BRIEF ::
Take the listing below and output it exactly, with no images.

SUPPLIED DATA ::
□ □ □ □ □

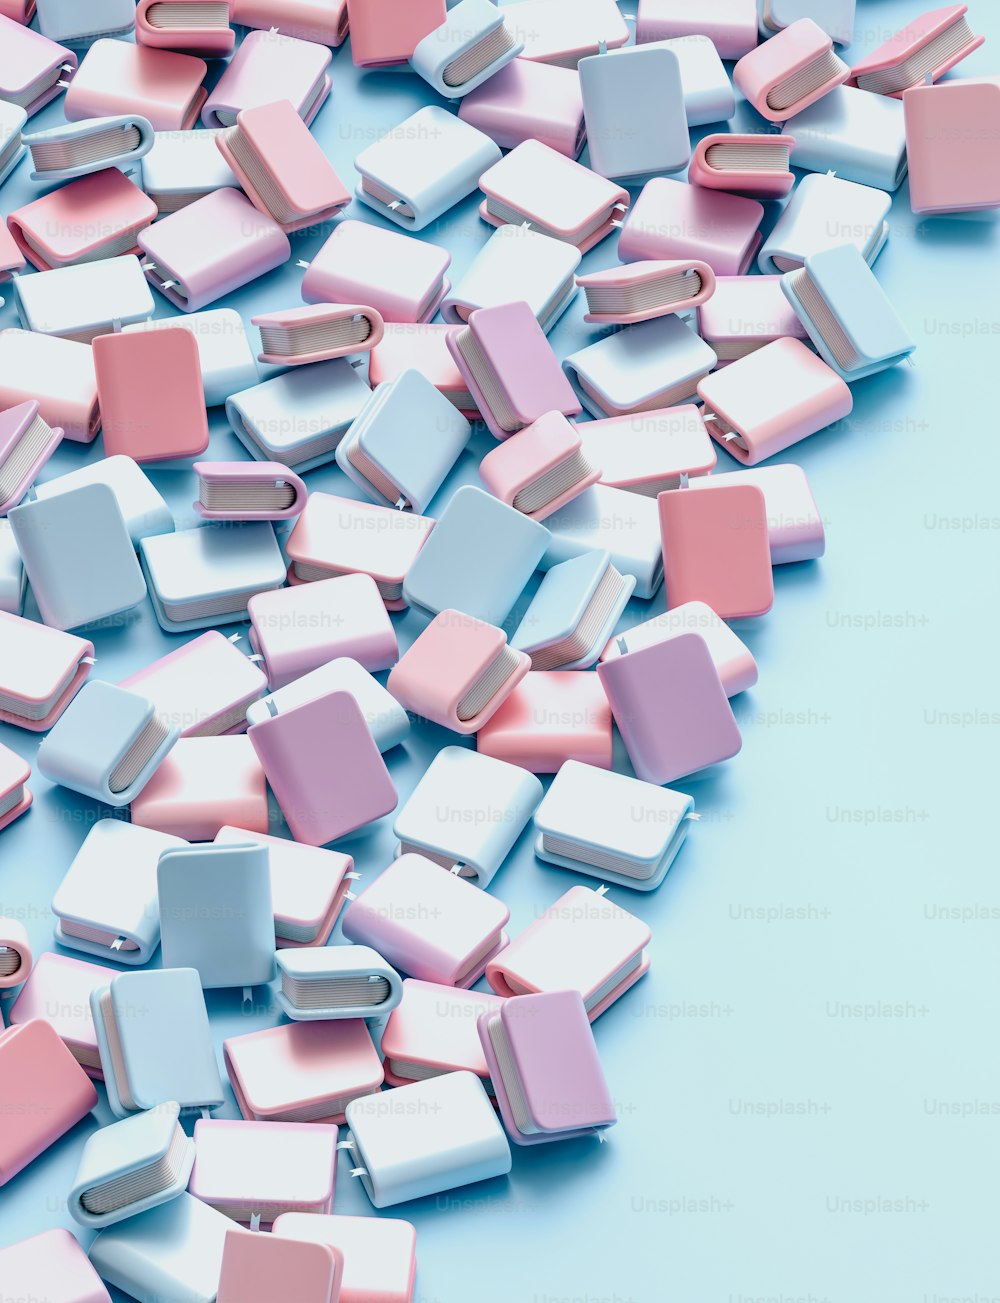 a pile of pink and white square objects on a blue background
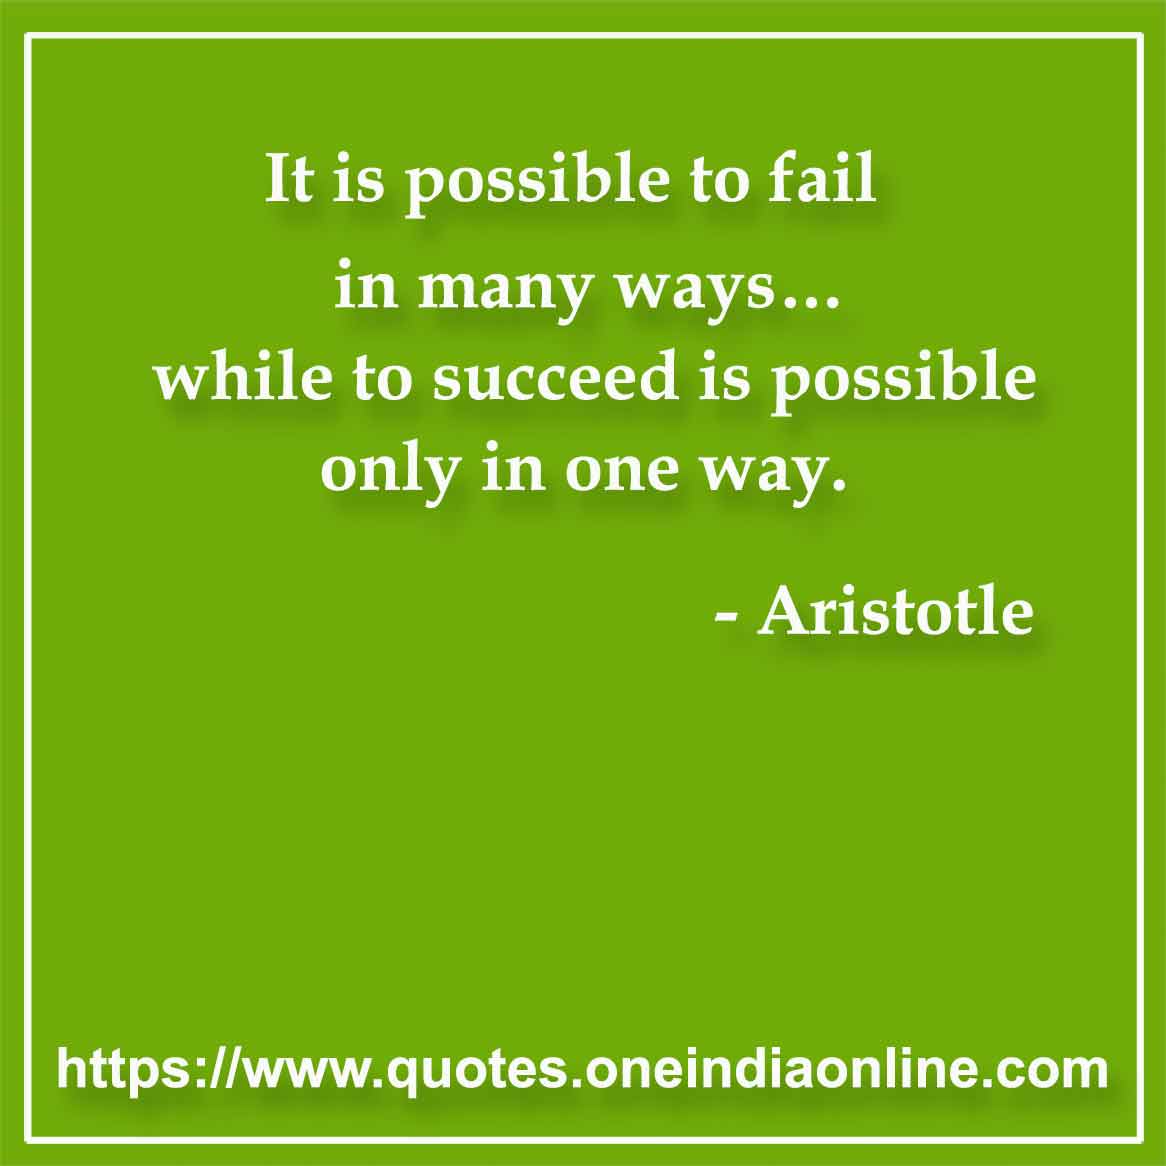 It is possible to fail in many ways… while to succeed is possible only in one way.

- Failure Quotes by Aristotle

□ □ □ □ □

FINAL ANSWER ::
 a pile of pink and white square objects on a blue background
 It is possible to fail in many ways… while to succeed is possible only in one way.

- Failure Quotes by Aristotle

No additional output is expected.